Know Which Proteins Intervene Better in Type 2 Diabetes: Vegetables or Animals? This Study Explains It

The optimal diet for treating metabolic diseases such as obesity and type 2 diabetes remains controversial.

Evidence suggests various nutritional strategies that can be effective as long as people adhere to them.

However, some interventions may be more effective than others. One strategy that is gaining momentum involves eating more protein.

Although the term ‘high protein diet’ varies in definition from study to study, the evidence supports the idea that is consuming more protein than the recommended daily allowance of 0.8 grams per kilogram of body weight results in less hunger and less appetite.

It also results in increased energy expenditure and preservation of lean body mass.

A recent meta-analysis of 74 randomized controlled trials showed that consuming a higher protein diet (27% vs. 18% calories on average) significantly reduced several cardiometabolic risk factors.

These factors included:


  • Bodyweight.
  • IMC.
  • Waist circumference.
  • Blood pressure.
  • Fasting triglycerides and insulin.

Likewise, it also significantly increases HDL cholesterol and satiety. A substantial body of evidence supports the claim that a high-protein diet can facilitate dietary adherence, improved health, and long-term fat loss.

But all proteins may not be the same when it comes to health.

An observational research meta-analysis totaling more than half a million people suggests that animal protein is associated with an increased risk of developing type 2 diabetes, while plant protein is not.

However, plants are bundles of fibers and bioactive compounds that could explain the difference in risks, and people who eat more vegetables generally have a healthier lifestyle.

These confounding factors make it impossible to relate differences in type 2 diabetes risk to differences in plant and animal protein, per se.

Animal proteins are generally higher in branched-chain amino acids (BCAAs, leucine, isoleucine, and valine) and sulfurous amino acids (methionine and cysteine) than plant proteins.

The role these amino acids play in the pathology of type 2 diabetes is controversial. Dietary restriction of methionine has been shown in animals to increase insulin sensitivity.

Similarly, BCAAs, especially leucine, are potent stimulators of the mTOR pathway, and chronic mTOR stimulation has been implicated in insulin resistance.

Some evidence suggests that BCAA metabolism is altered in people with type 2 diabetes, resulting in a worsening of insulin resistance, and dietary intake of BCAAs has been associated with the risk of developing type 2 diabetes.

On the other hand, animal studies suggest that mTOR activation in the brain reduces food intake and body weight.

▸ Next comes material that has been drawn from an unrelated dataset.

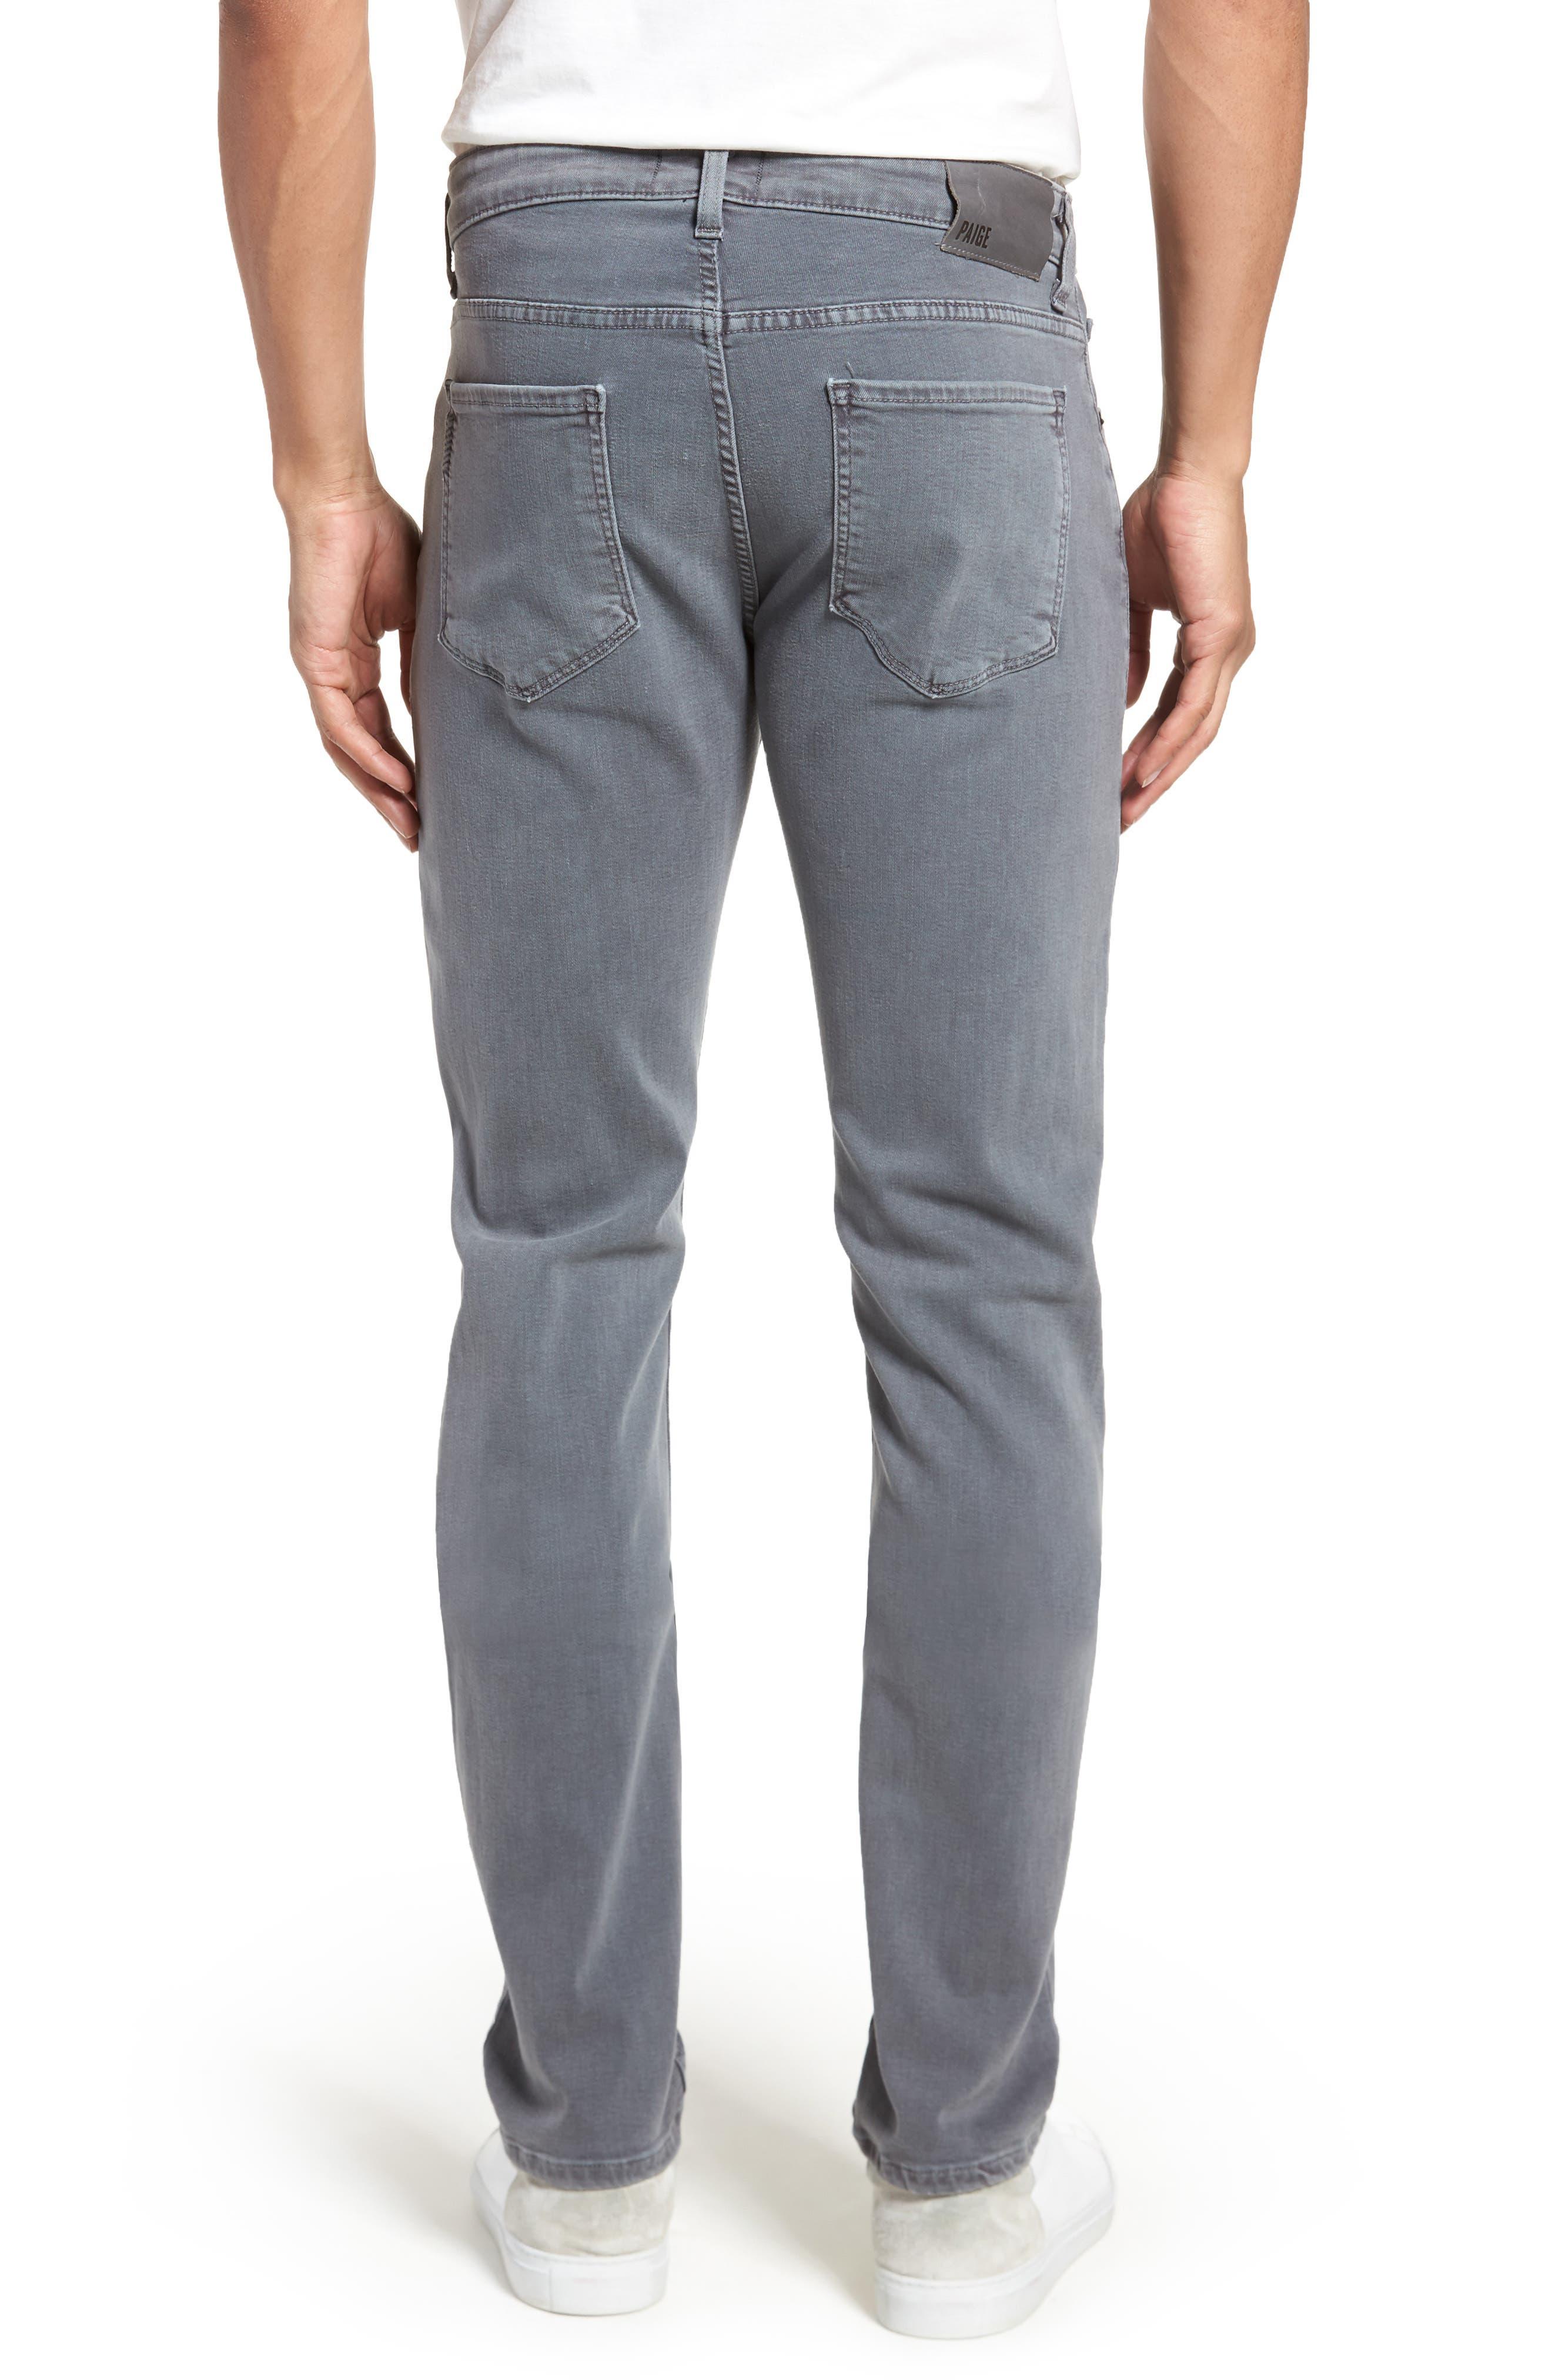 Transcend - Lennox Slim Fit Jeans,                             Alternate thumbnail 2, color,                             020

These effects and brain mTOR signaling are triggered through increased dietary leucine intake. In addition, the consumption of BCAAs, especially isoleucine, has been shown to have beneficial effects on glucose metabolism.

To investigate how the amino acid composition of a diet influences health outcomes in people with type 2 diabetes, the reviewed study examined the effects of a high-protein diet containing predominantly animal or plant protein on insulin sensitivity in participants with type 2 diabetes.

High protein diets are well established to promote fat loss and improved health in people with obesity and type 2 diabetes.

How differences in the amino acid composition of plant and animal proteins can affect health is not well researched.

The study under review compared the effects of a high protein diet containing mainly animal protein or plant protein in people with type 2 diabetes.

Who and what was studied?

This was a randomized controlled trial in which adults with diagnosed type 2 diabetes and an HbA1c between 6-11% were recruited to consume a high protein diet based on animal protein or a high protein diet based on plant protein for six weeks.

Forty-four people started the intervention and were randomized by matching age, sex, BMI, HbA1c, and diabetic drug use. Still, only 37 people completed the intervention, with a similar dropout rate between the groups.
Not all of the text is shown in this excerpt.